Batch Publications

A Batch Publication is an Apache Parquet file with a collection of Announcements.

Implementation Requirements

Discoverable

Implementations MUST have publicly discoverable Batch Publications.

Validity

Implementations MUST be able to validate Parquet file contents. Validity MUST be immutable.

Historical

Implementations MUST retain proof of existence of a Batch Publication.

Transparent Chain of Delegation

All Announcements in a Batch file MUST be able to be proven to be from or have a chain of delegation to the publisher of the Batch.

File Requirements

Batch files are stored and transferred in Apache Parquet format.

  • Batch files MUST match the spec for a single Announcement Type.
  • Batch files MUST have Bloom filters set in accordance with the Announcement Type Spec.
  • Batch files MUST have NO MORE THAN 128*1024 rows.

Bloom Filter

Calculation for filter bits is different and is nearly a factor of 10 lower than for a standard Bloom filter: 128*1024 rows with a 0.001 false-positive rate results in around 29,000 bits for a Split Block Bloom filter.

Bloom filters are ONLY added to some fields. See also Announcement Types.
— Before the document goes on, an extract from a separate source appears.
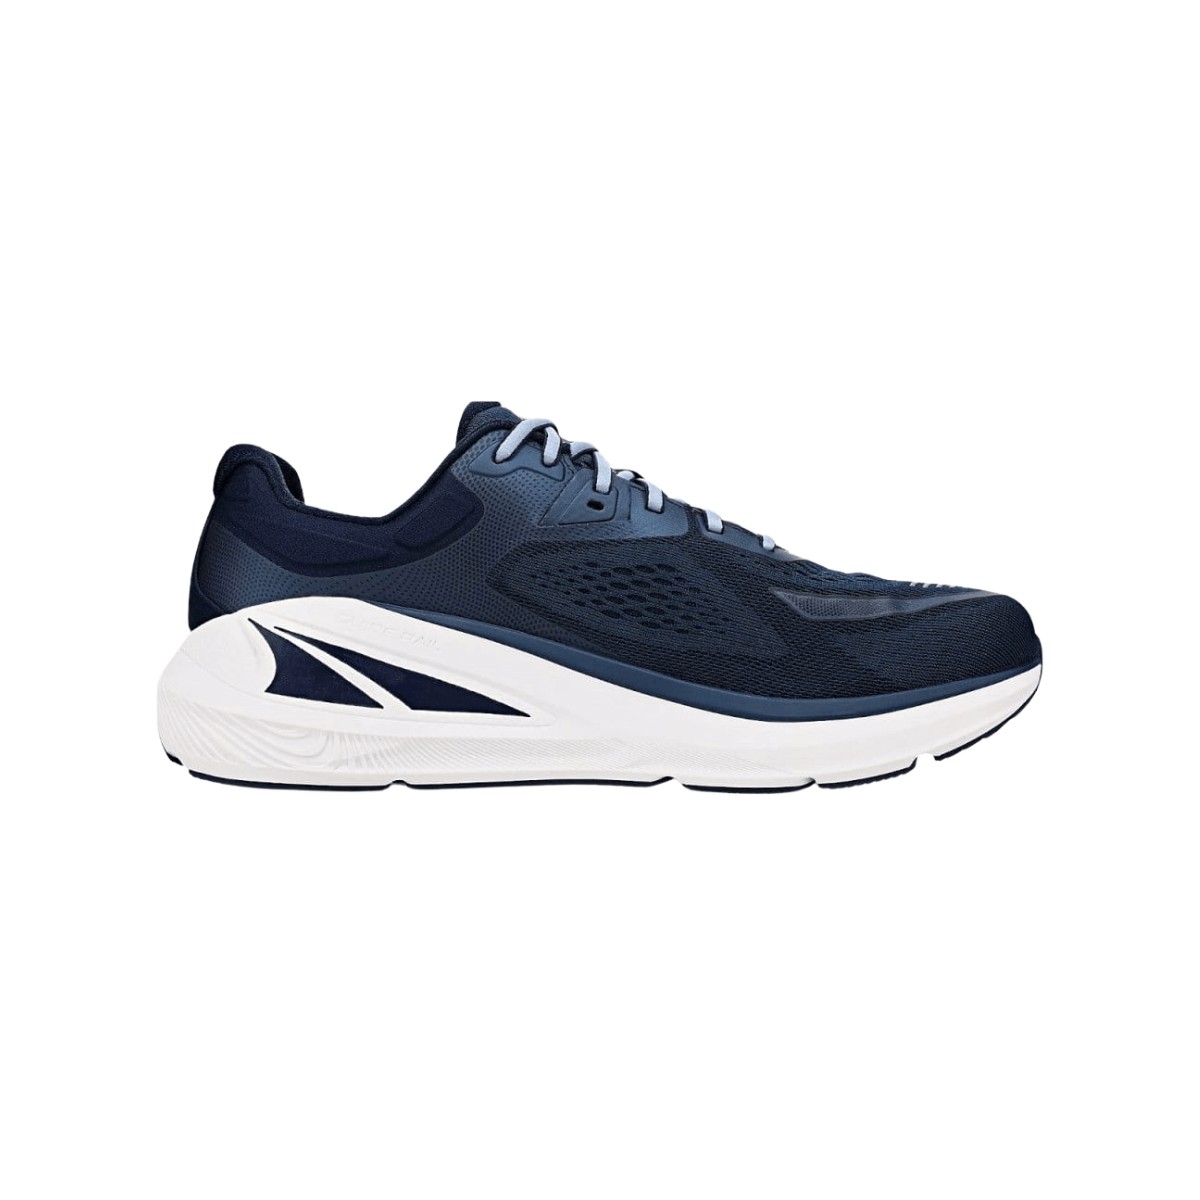 Altra Paradigm 6.0 blue Cushioning Shoes AW22, Size 42 - EUR

Columns with Bloom Filters

ColumnPrimitive TypeLogical TypeConverted Type (deprecated)
contentHashBYTE_ARRAYSTRINGUTF8
emojiBYTE_ARRAYSTRINGUTF8
fromIdINT64INT(64, false)UINT_64
inReplyToBYTE_ARRAYSTRINGUTF8
targetContentHashBYTE_ARRAYSTRINGUTF8

Non-Normative

Design Requirements

Batch files need to be quickly and easily searchable. Minimal storage size and fast, simple querying are preferred over guarantees of no false positives or advanced data manipulation and column relationships. The files are parseable by client applications, web views, or browsers running pure JavaScript without needing to convert the format.

Applications need to know if a given Batch file has any information of interest without downloading the file first.

Why Parquet?

  1. Parquet is a column-oriented format. Since DSNP Batch Message data will have a very small column-to-row ratio compared to a typical web application database, it makes sense to prefer a column-oriented format.
  2. Parquet format has been field tested under extreme network conditions. It has broad support in cloud storage solutions, with libraries in multiple languages.
  3. Bloom filters are already supported in the Parquet specification, which allows for fast and accurate searching (with caveats for proper configuration).
  4. Amazon S3 support: We anticipate that some Batch Announcers (and possibly Archivists) will store Batch files on Amazon S3. Amazon Athena also supports storage in Parquet, and its API supports SQL-like queries.
  5. Parquet also allows references to the same column across files, which could enable multi-file querying in the future.
  6. Parquet supports compression formats such as Brötli, which is already a browser standard and offers a demonstrated improvement in compression speed and file size over older formats.
  7. Parquet files can be transferred directly to clients, which can parse the files in the app or browser. No conversion to a serialization format is necessary. This eliminates an entire class of bugs and makes both fetching and querying faster.
  8. Parquet uses schemas, which additionally reduce file size.

Rejected Alternatives

  1. Cassandra, RocksDB, CouchDB, MongoDB, and HBASE were rejected since DSNP data needs neither a database for storage nor the overhead of one. Each of these was designed for use cases ranging from somewhat different to drastically different from the DSNP network.
  2. JSON, BSON, and SQLite, while sometimes used for storage, are intended for serialization. They are schemaless, which results in redundant information and therefore a larger size than formats with schemas. They also don't support Bloom filters; thus, indexing would be required, or new batches would need to be downloaded entirely. The exception is SQLite, which does support more advanced queries. However, SQLite was designed for in-memory storage.

Batch Validity and Order

Batch validity is immutable and is usually based (in part) on the validation of the delegation of authors listed inside the batch to the publisher. Due to the nature of distributed systems, it is possible that a race condition occurs such that a user's delegation revocation presents before a Batch that contains a message from that user via the revoked delegate. While those individual messages should be considered invalid, a window of time for historical testing is suggested before considering the entire batch invalid. This is analogous to the idea of a confirmation time, but only applies to the past rather than the future.